BigTable, which is the database back end for App Engine, will scale to millions of records. Due to this, App Engine will not allow you to do any query that will result in a table scan, as performance would be dreadful for a well populated table.
In other words, every query must use an index. This is why you can only do =, > and < queries. (In fact you can also do != but the API does this using a a combination of > and < queries.) This is also why the development environment monitors all the queries you do and automatically adds any missing indexes to your index.yaml file.
There is no way to index for a LIKE query so it's simply not available.
Have a watch of this Google IO session for a much better and more detailed explanation of this.
i'm facing the same problem, but i found something on google app engine pages:
Tip: Query filters do not have an explicit way to match just part of a string value, but you can fake a prefix match using inequality filters:
db.GqlQuery("SELECT * FROM MyModel WHERE prop >= :1 AND prop < :2",
"abc",
u"abc" + u"\ufffd")
This matches every MyModel entity with a string property prop that begins with the characters abc. The unicode string u"\ufffd" represents the largest possible Unicode character. When the property values are sorted in an index, the values that fall in this range are all of the values that begin with the given prefix.

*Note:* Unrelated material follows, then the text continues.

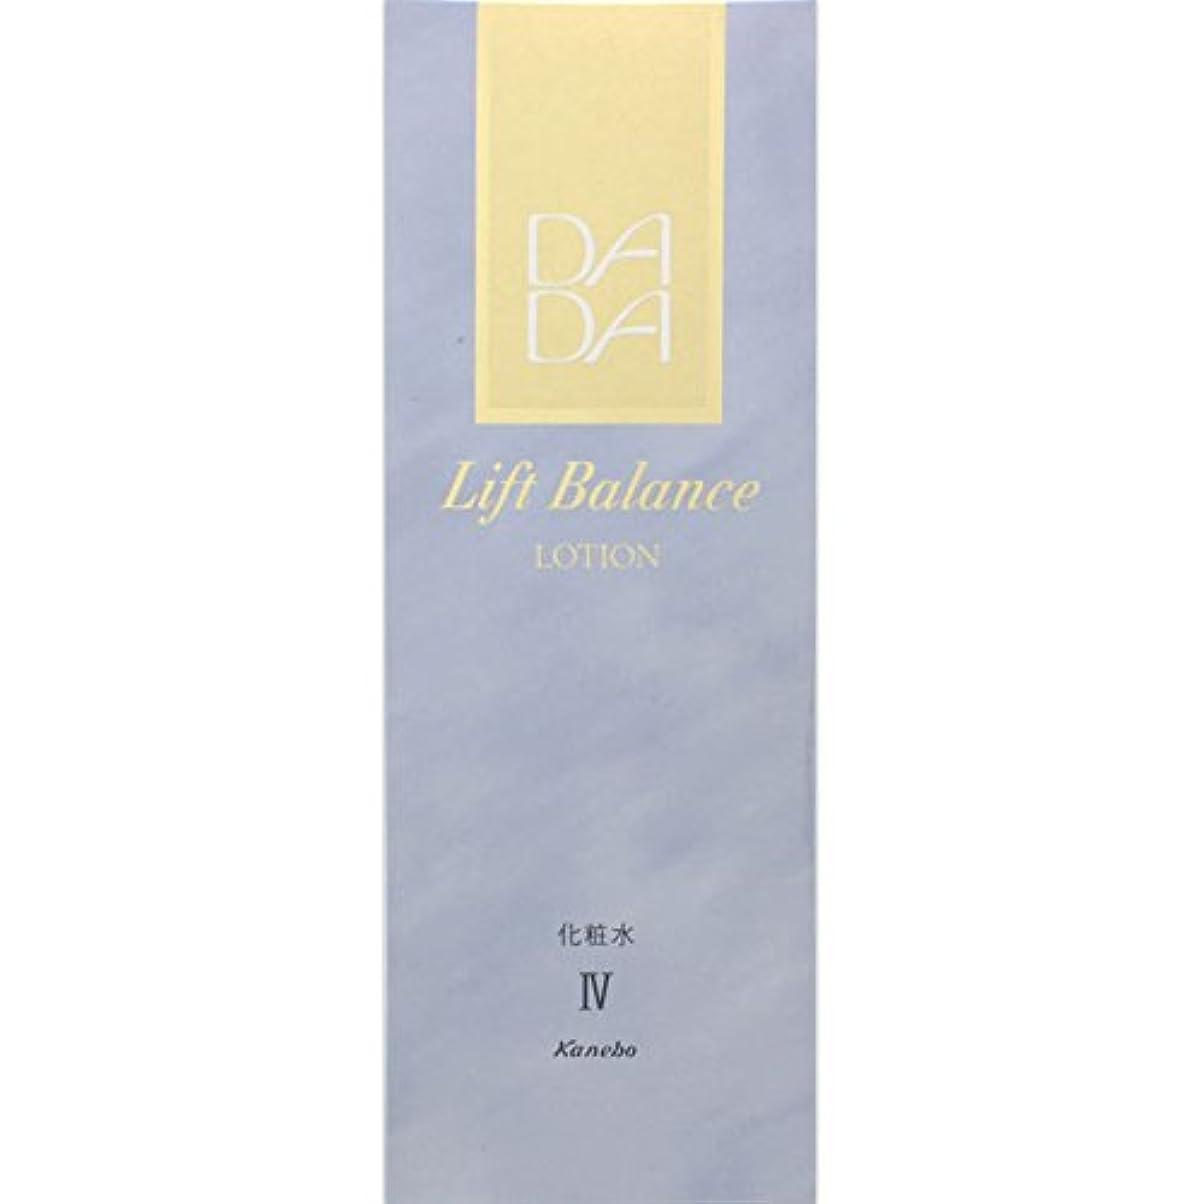 抹消十一容赦ない【カネボウ】 DADA(ダダ) B15 リフトバランスローションIV とてもしっとり 120ml
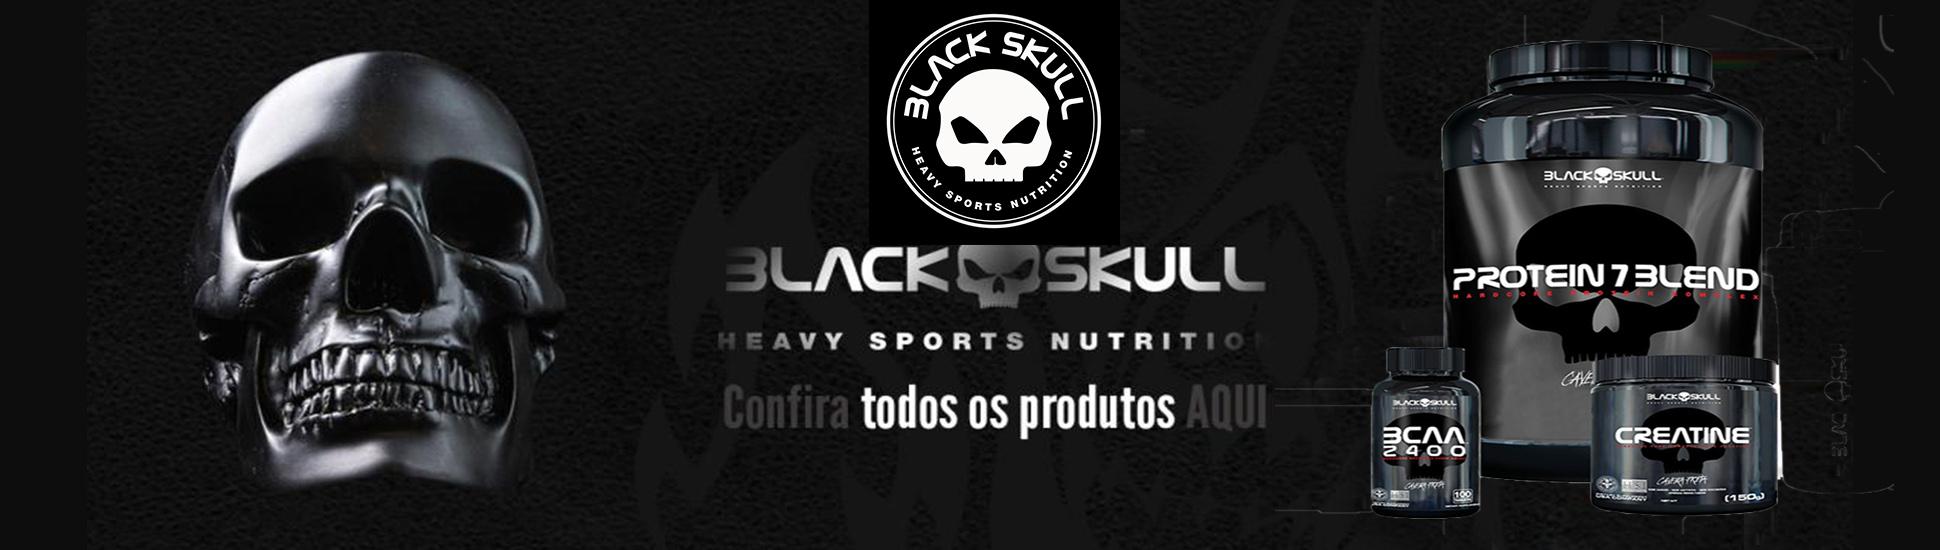 PRODUTOS BLACK

http://code.google.com/appengine/docs/python/datastore/queriesandindexes.html
maybe this could do the trick ;)
Altough App Engine does not support LIKE queries, have a look at the properties ListProperty and StringListProperty. When an equality test is done on these properties, the test will actually be applied on all list members, e.g., list_property = value tests if the value appears anywhere in the list.
Sometimes this feature might be used as a workaround to the lack of LIKE queries. For instance, it makes it possible to do simple text search, as described on this post.

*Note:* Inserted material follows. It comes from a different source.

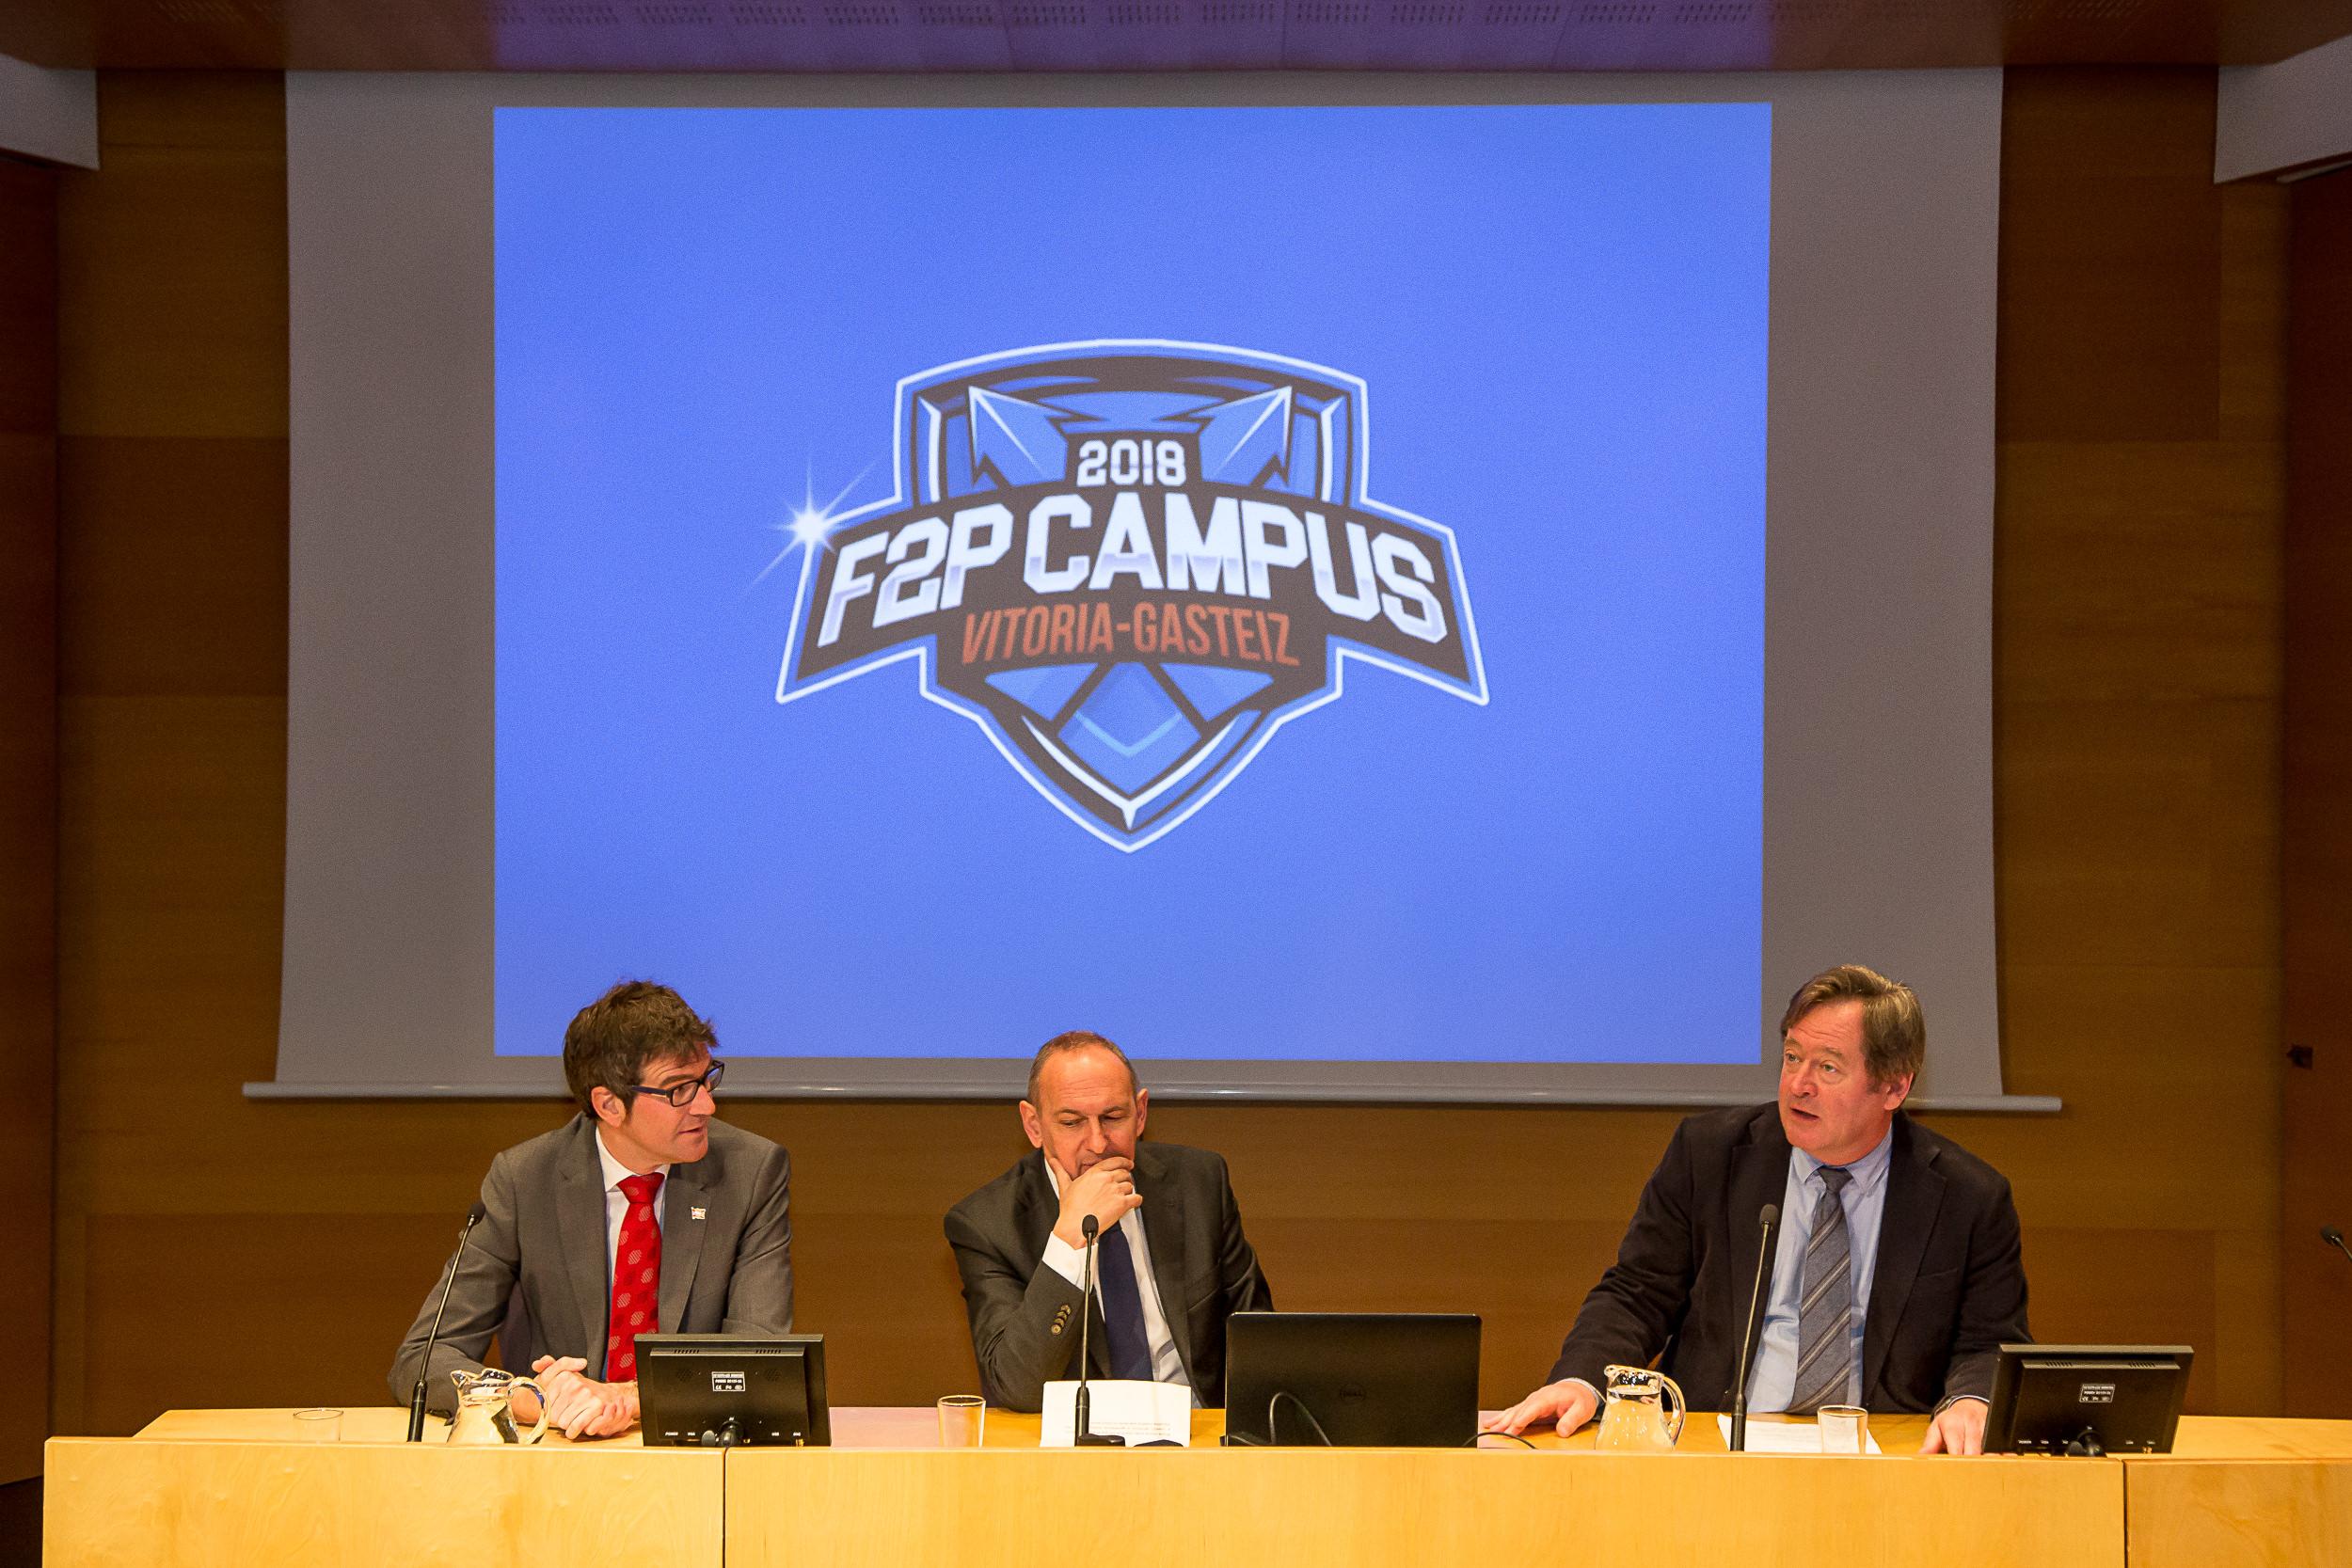 campus_02.jpg

You need to use search service to perform full text search queries similar to SQL LIKE.
Gaelyk provides domain specific language to perform more user friendly search queries. For example following snippet will find first ten books sorted from the latest ones with title containing fern
and the genre exactly matching thriller:
def documents = search.search {
select all from books
sort desc by published, SearchApiLimits.MINIMUM_DATE_VALUE
where title =~ 'fern'
and genre = 'thriller'
limit 10
}
Like is written as Groovy's match operator =~.

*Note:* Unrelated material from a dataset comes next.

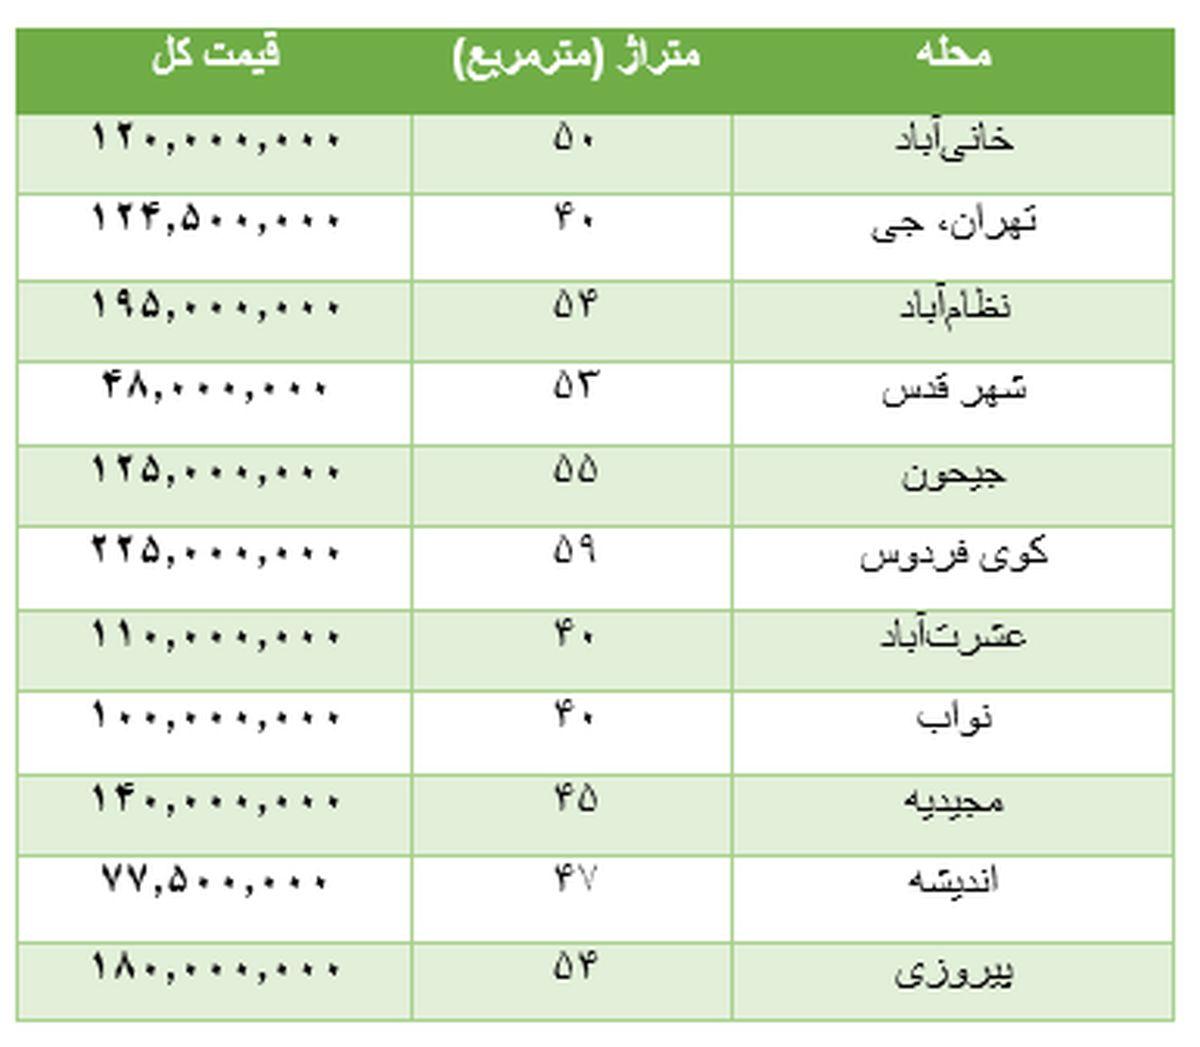 قیمت خانه با متراژ کوچک در تهران +جدول

It supports functions such as distance(geopoint(lat, lon), location) as well.
App engine launched a general-purpose full text search service in version 1.7.0 that supports the datastore.
Details in the announcement.
More information on how to use this: https://cloud.google.com/appengine/training/fts_intro/lesson2
Have a look at Objectify here , it is like a Datastore access API. There is a FAQ with this question specifically, here is the answer
How do I do a like query (LIKE "foo%")
You can do something like a startWith, or endWith if you reverse the order when stored and searched. You do a range query with the starting value you want, and a value just above the one you want.
String start = "foo";
... = ofy.query(MyEntity.class).filter("field >=", start).filter("field <", start + "\uFFFD");
Just follow here:
init.py#354">http://code.google.com/p/googleappengine/source/browse/trunk/python/google/appengine/ext/search/init.py#354
It works!
class Article(search.SearchableModel):
text = db.TextProperty()
...
article = Article(text=...)
article.save()
To search the full text index, use the SearchableModel.all() method to get an
instance of SearchableModel.Query, which subclasses db.Query. Use its search()
method to provide a search query, in addition to any other filters or sort
orders, e.g.:
query = article.all().search('a search query').filter(...).order(...)
I tested this with GAE Datastore low-level Java API. Me and works perfectly
Query q = new Query(Directorio.class.getSimpleName());
Filter filterNombreGreater = new FilterPredicate("nombre", FilterOperator.GREATER_THAN_OR_EQUAL, query);
Filter filterNombreLess = new FilterPredicate("nombre", FilterOperator.LESS_THAN, query+"\uFFFD");
Filter filterNombre = CompositeFilterOperator.and(filterNombreGreater, filterNombreLess);
q.setFilter(filter);
In general, even though this is an old post, a way to produce a 'LIKE' or 'ILIKE' is to gather all results from a '>=' query, then loop results in python (or Java) for elements containing what you're looking for.
Let's say you want to filter users given a q='luigi'
users = []
qry = self.user_model.query(ndb.OR(self.user_model.name >= q.lower(),self.user_model.email >= q.lower(),self.user_model.username >= q.lower()))
for _qry in qry:
if q.lower() in _qry.name.lower() or q.lower() in _qry.email.lower() or q.lower() in _qry.username.lower():
users.append(_qry)
It is not possible to do a LIKE search on datastore app engine, how ever creating an Arraylist would do the trick if you need to search a word in a string.
#Index
public ArrayList<String> searchName;
and then to search in the index using objectify.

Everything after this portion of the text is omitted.